落胆の息を吐いていると、観客席の後ろの空から白い何かが近づいているのが見えた。美しい桃色がかった白い羽毛、そして目を引くような冠羽。セシリールは目を丸くする。人前ではほとんど見られないドゥルンガが、優雅に暗い夜空を飛んでいたのだ。
ドゥルンガは観客たちの真上を通り過ぎていく。一人が気づき、上空に向かって指をさすと、観客は次々と顔をあげていった。
しかし鳥のマナ生物は気にすることなく、羽ばたきながら飛んでいく。そしてセシリールの真上に来ると、羽根を三枚落としていった。羽根はひらひらと落ちていき、魔物に触れる。そこを始点として魔物の全身が白い粒子となり始めた。ドゥルンガは一声鳴くと、優雅に上空を去っていった。
魔物は見る見るうちに粒子となり、空へと上っていく。そしてそれらは一つの固まりとなり、ささやかな音をたてて上空で華を開いて消えていった。
セシリールは視線を夜空に向けたまま、拡声棒を口元に近づける。
「……皆さん、この夜空だけでなく、皆様の心にも魂が宿る華は開きましたか?」
おそるおそる視線を観客席に向ける。多くの人が満面の笑みを浮かべている中で、涙を流している人、両手を握りしめて祈りを捧げている人たちもいた。
その光景を見て、心にじんわりとした感情を抱く。誰か一人でもセシリールがやりたかった三つ目のことを感じ取れてくれたのなら、震えながらも立ち続けて良かった。
「開いた華はいつまでも皆さんの心の中で輝いているでしょう。

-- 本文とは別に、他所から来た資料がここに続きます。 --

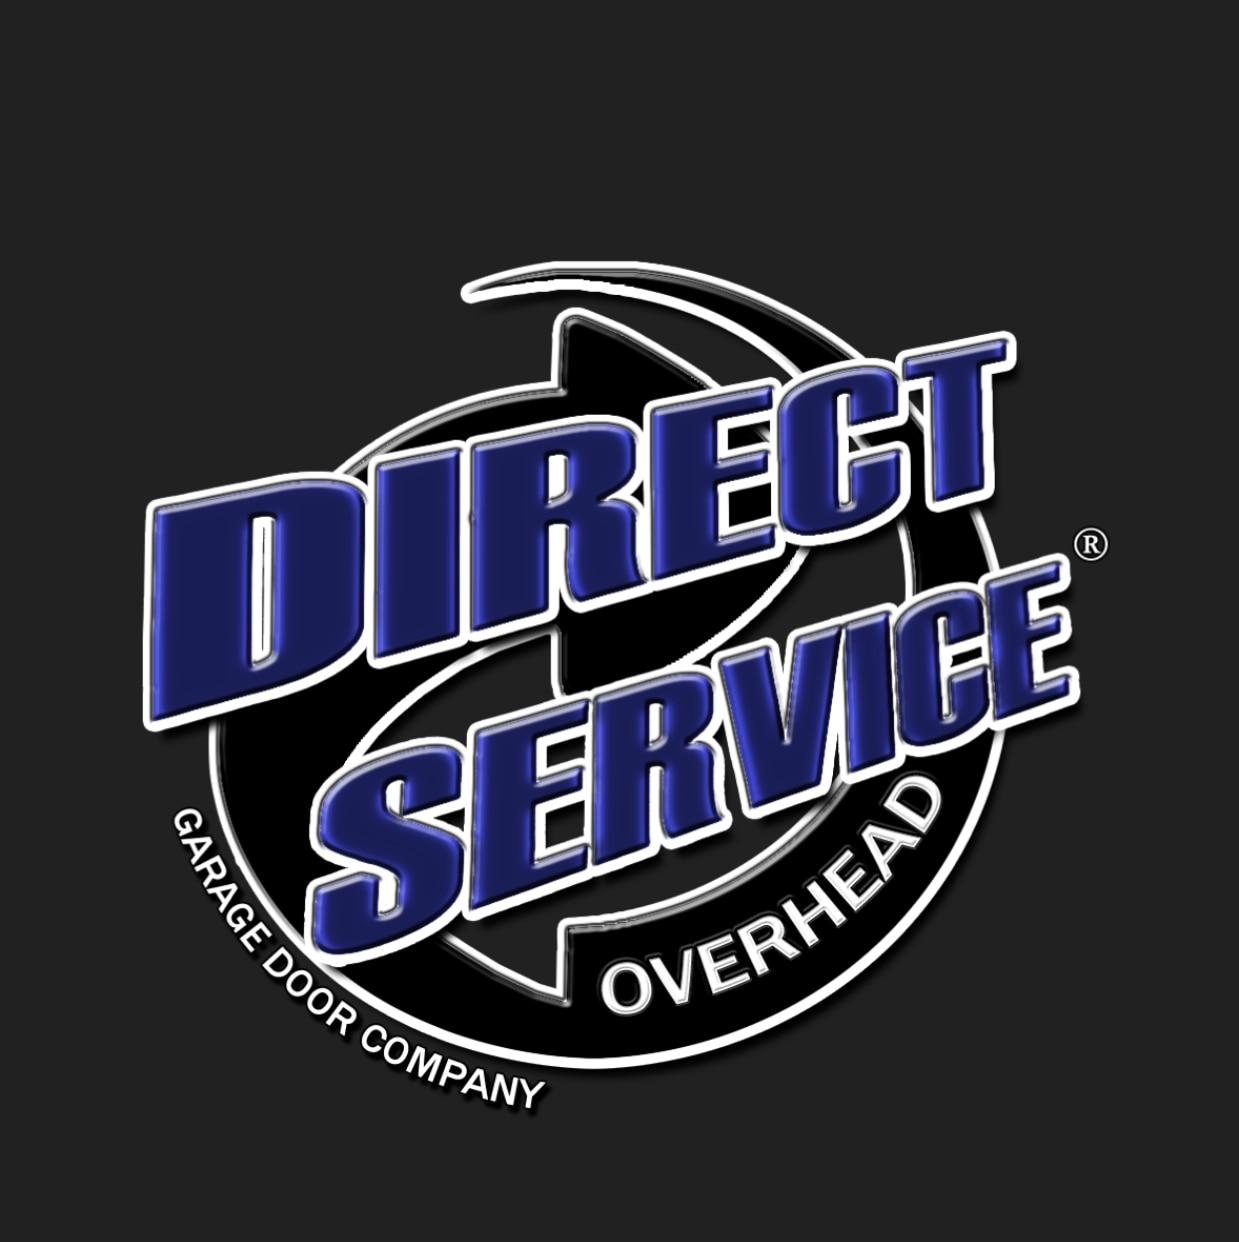 Direct Service Overhead Garage Door Company logo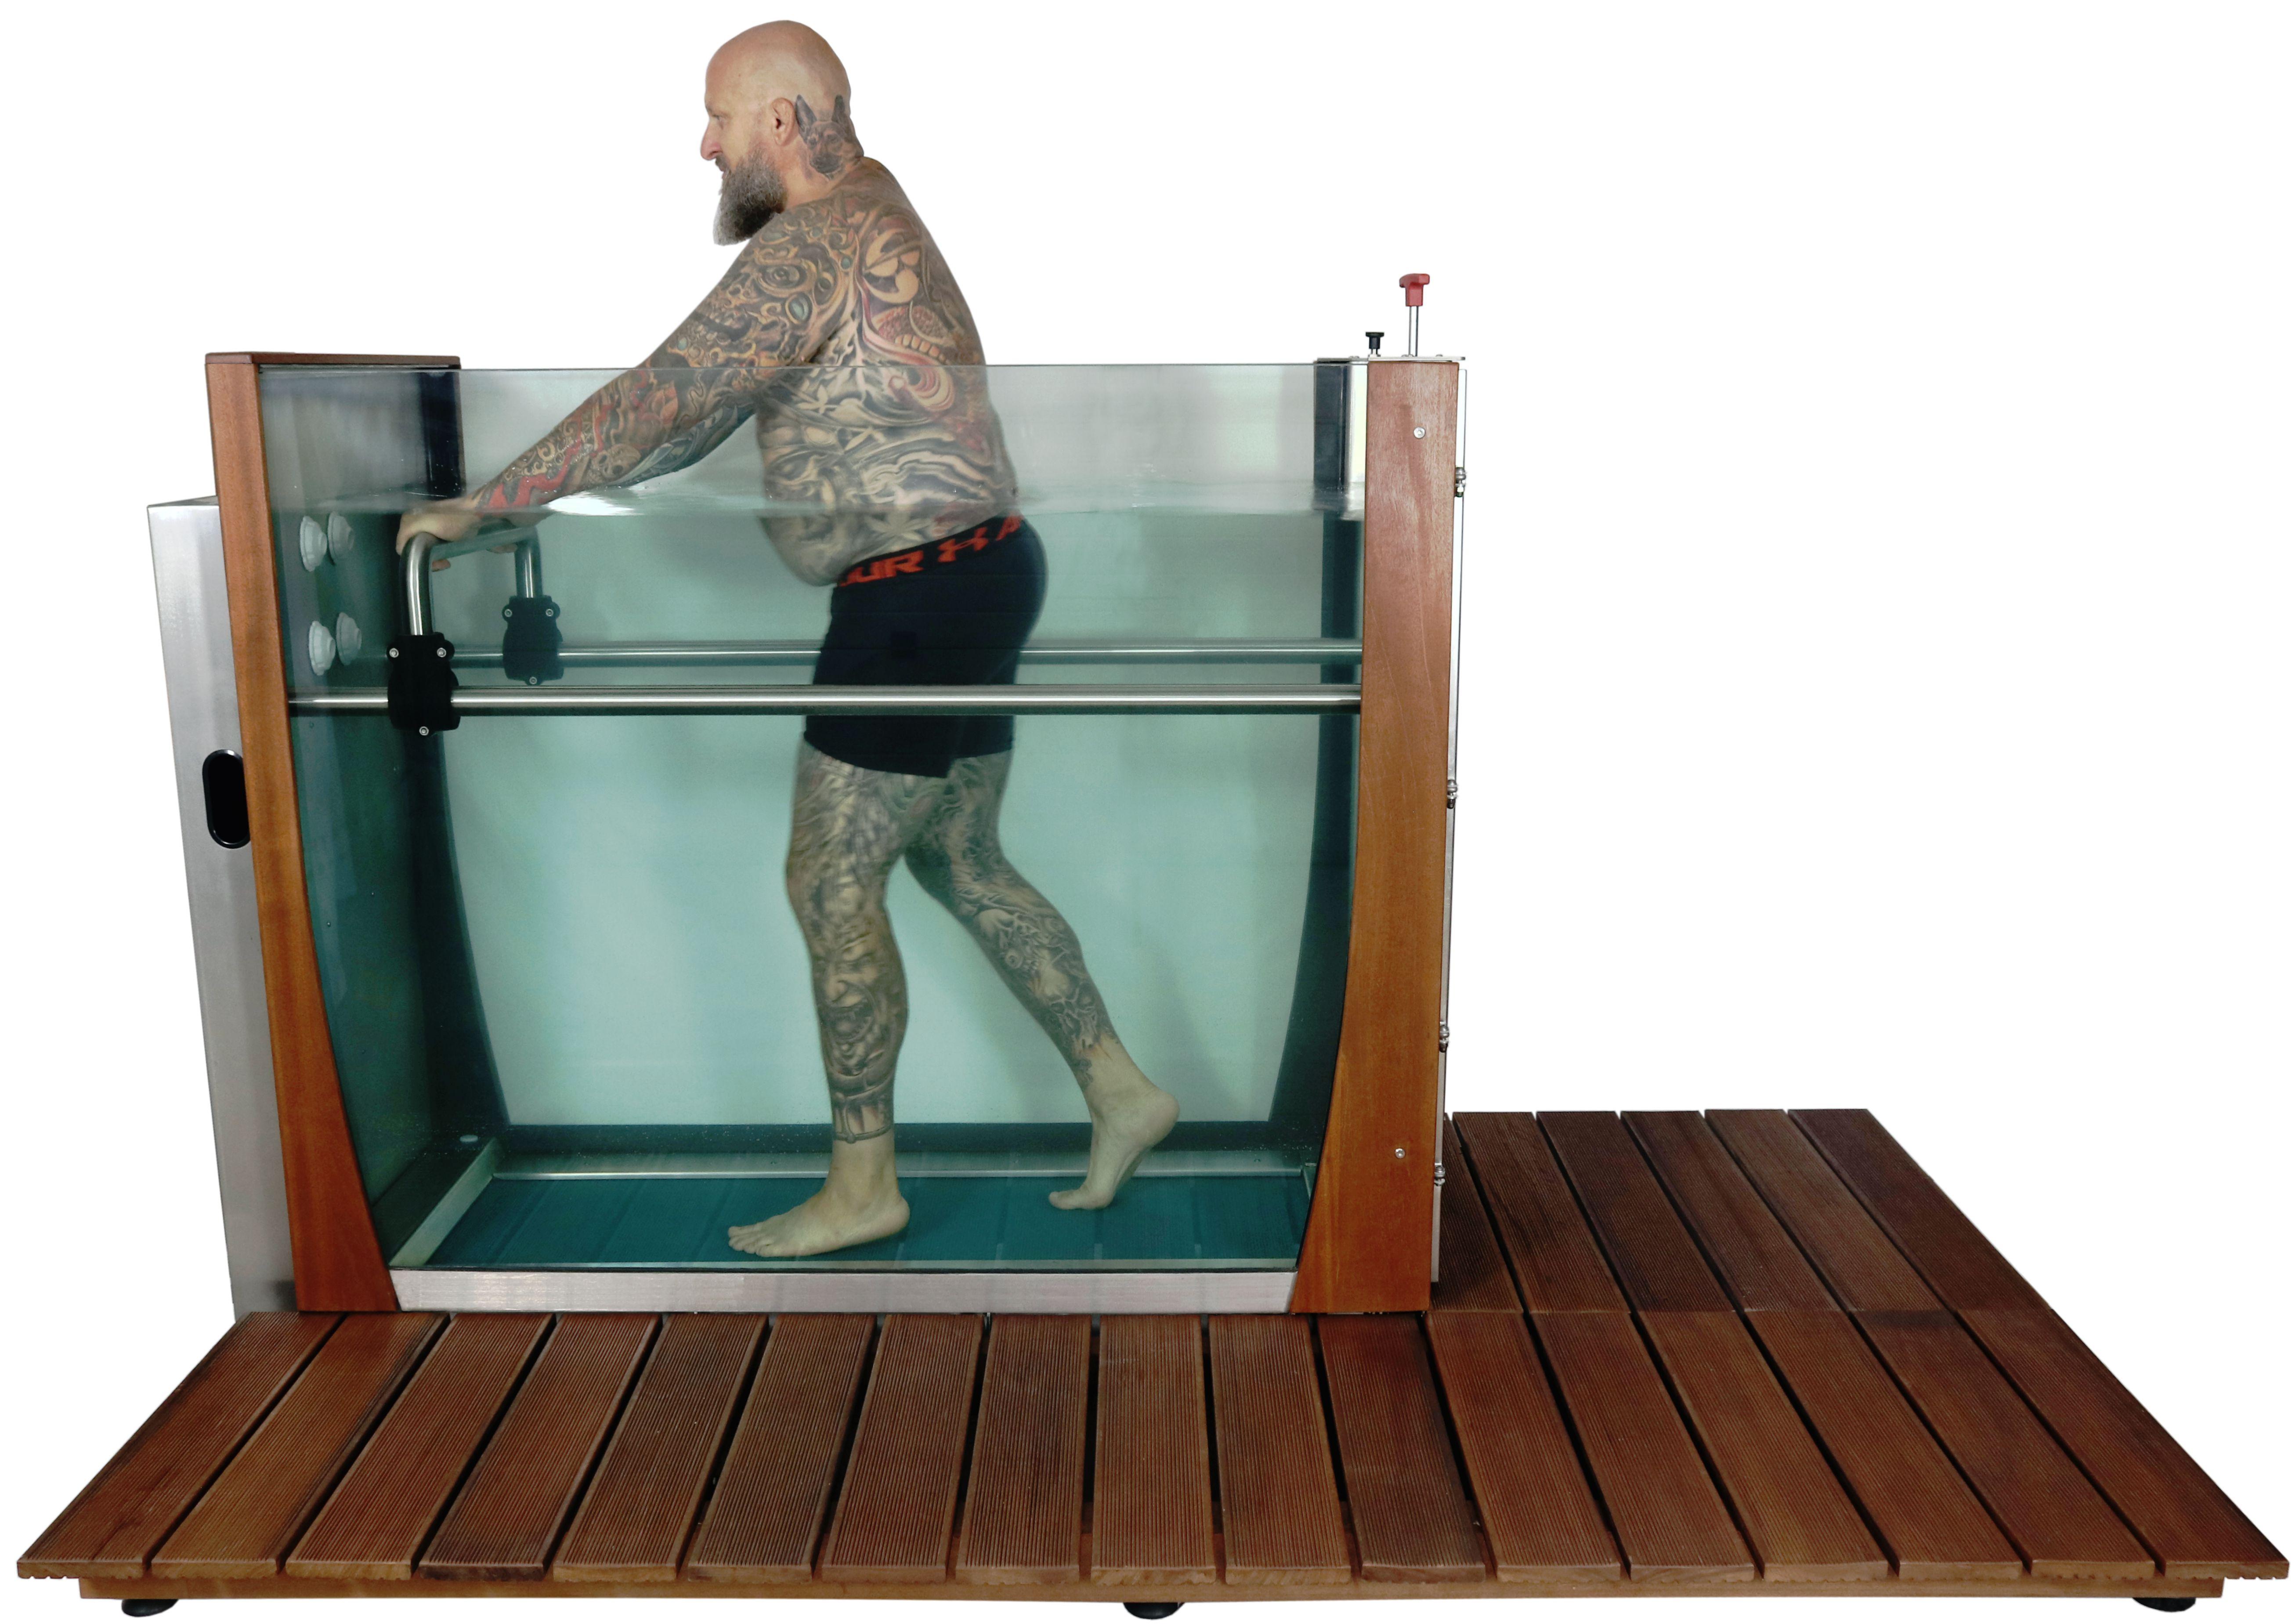 Wskazania do terapii w bieżni wodnej

皆様の心に死者が寄り添うように……」
拡声棒を口から離し、セシリールは深々と頭を下げた。
数瞬の間を置いて、ぱらぱらと拍手の音が出てくる。やがて怒濤の波のような盛大な拍手が鳴り響いていった。
頭をあげたセシリールは目の前に広がる光景を見て、目を丸くした。浴びたことのない拍手が全身に伝わってくる。ほんのり目に涙を浮かべながらにこりと微笑み、再び頭を下げた。